Originally Posted by
sailingfun
Your not factoring in the power of compounding tax deferred on the extra 20% which for most legacy airline pilots is more likely 40% with state taxes and overall income. If tax rate is the same in retirement it’s a wash.
Simple example, you have 10,000 a year to contribute. With a conventional IRA and a 8% average return you will have over 1.2 million in 30 years. With a Roth if your current tax rate is 35% you will have just under 800,000. If your tax rate stays at 35% the 1.2 million is worth 780,000 post tax. Again it all comes down to if you think your taxes will be lower or higher in retirement and that taxes are enacted on Roth’s.

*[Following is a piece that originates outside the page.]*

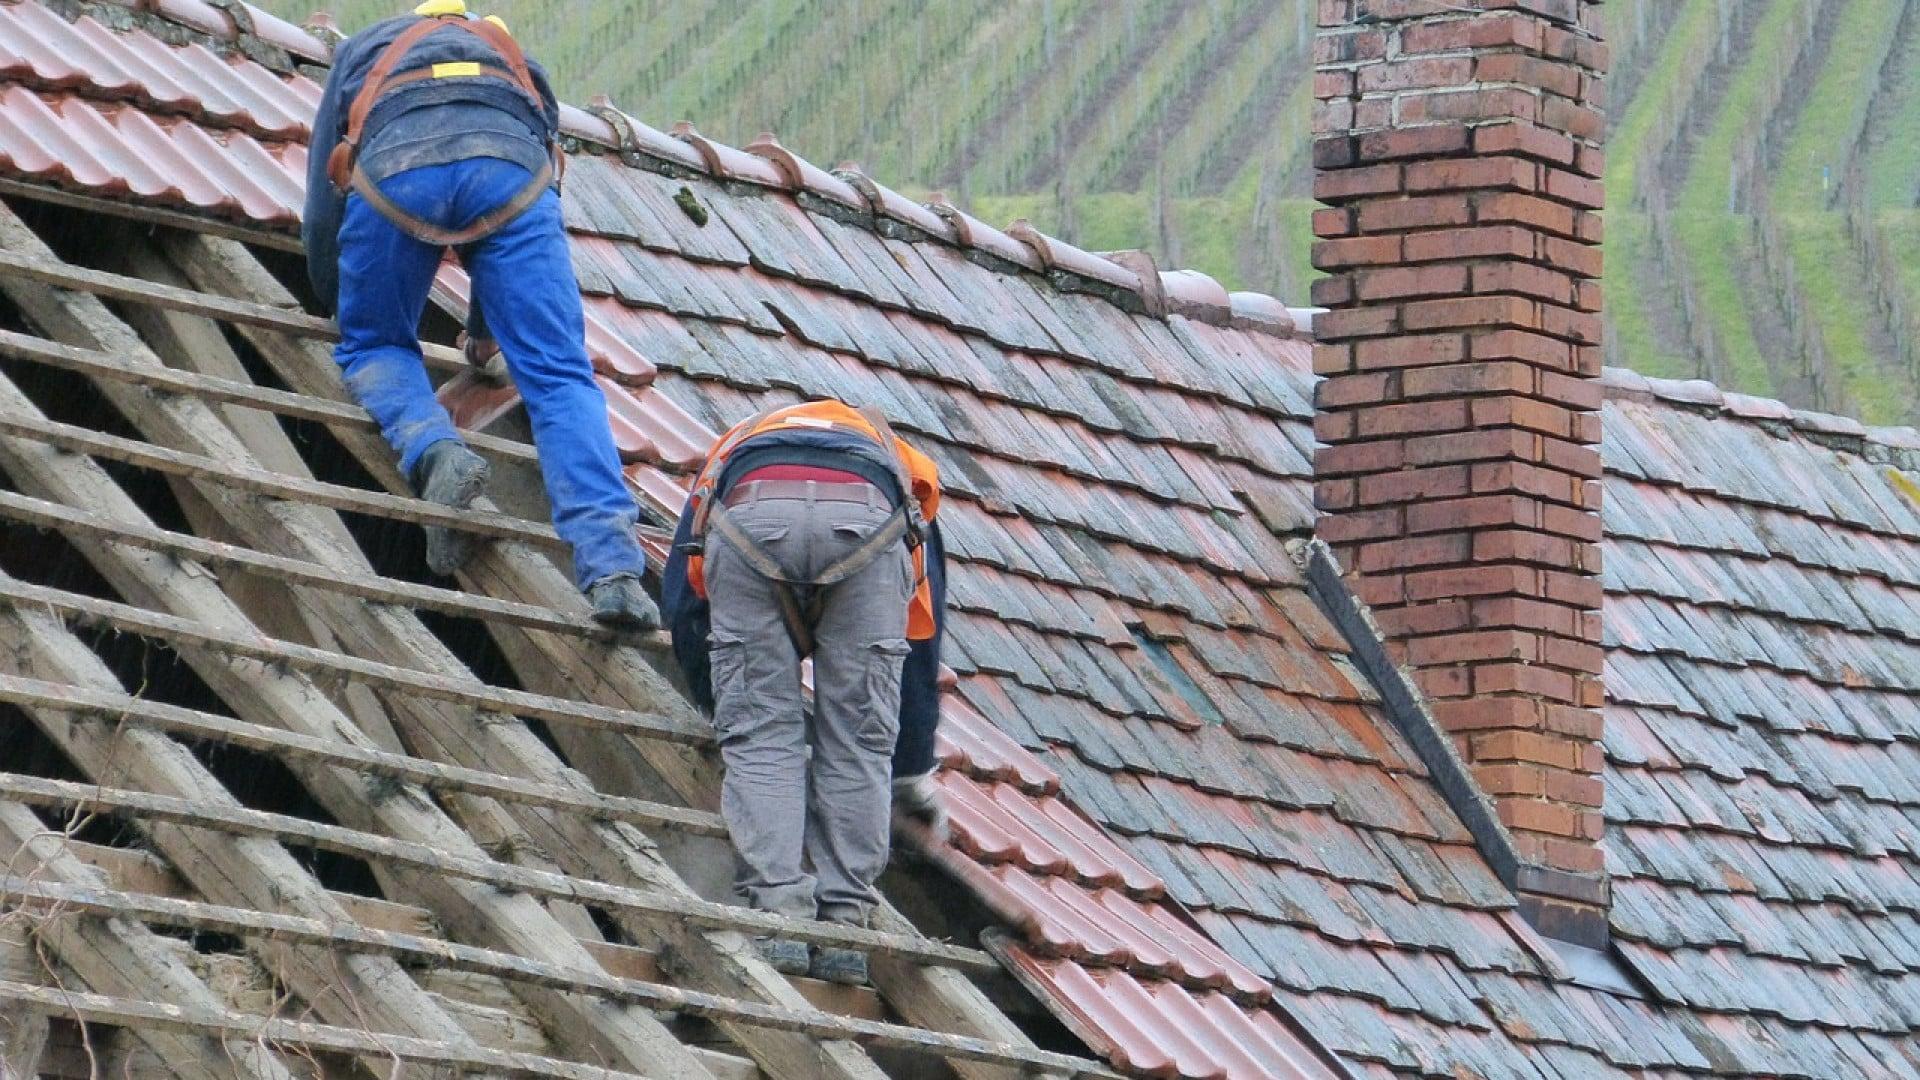 Ouvriers en charge de travaux d'isolation thermique
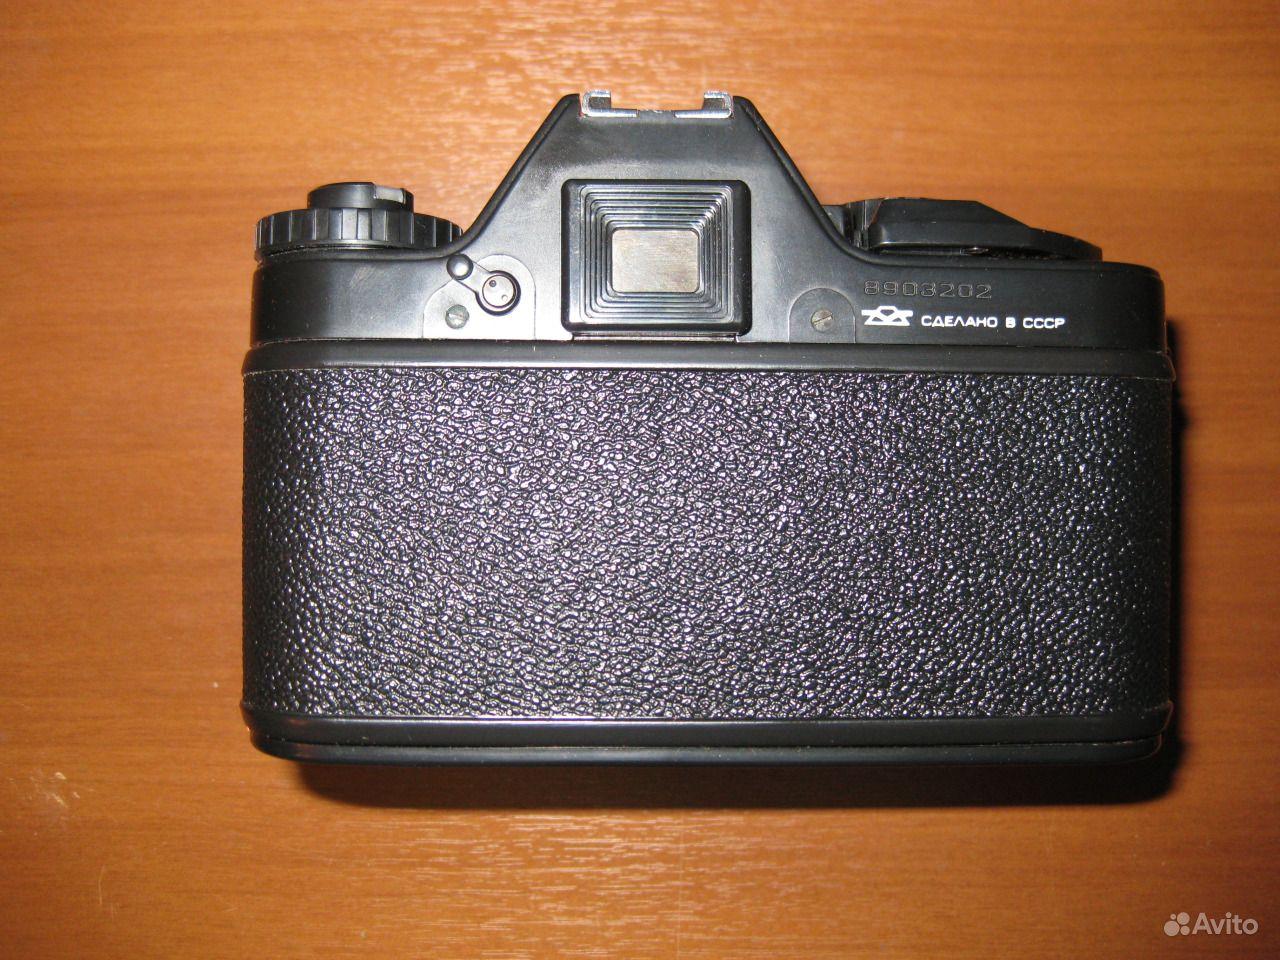 Как перенести фото с фотоаппарата на телефон купания

Your argument is mathematically correct, but real world obtuse. People aren’t choosing whether to max out a traditional IRA (or 401k) or to put a, tax reduced, lesser amount into a Roth account. They are choosing between maximizing each. The Roth absolutely costs more upfront but also provides a far higher degree of certainty about what you have in retirement since you don’t have to account for unknown future tax policies.
Most pilots will have the ability to max out their IRA (both varieties) within a year or two of starting at a regional or the military. Maxing out your 401k or TSP will likely have to wait until they make captain at either. Once you throw in the vastly more flexible withdrawal rules of a Roth IRA in retirement, the advantages really pile up.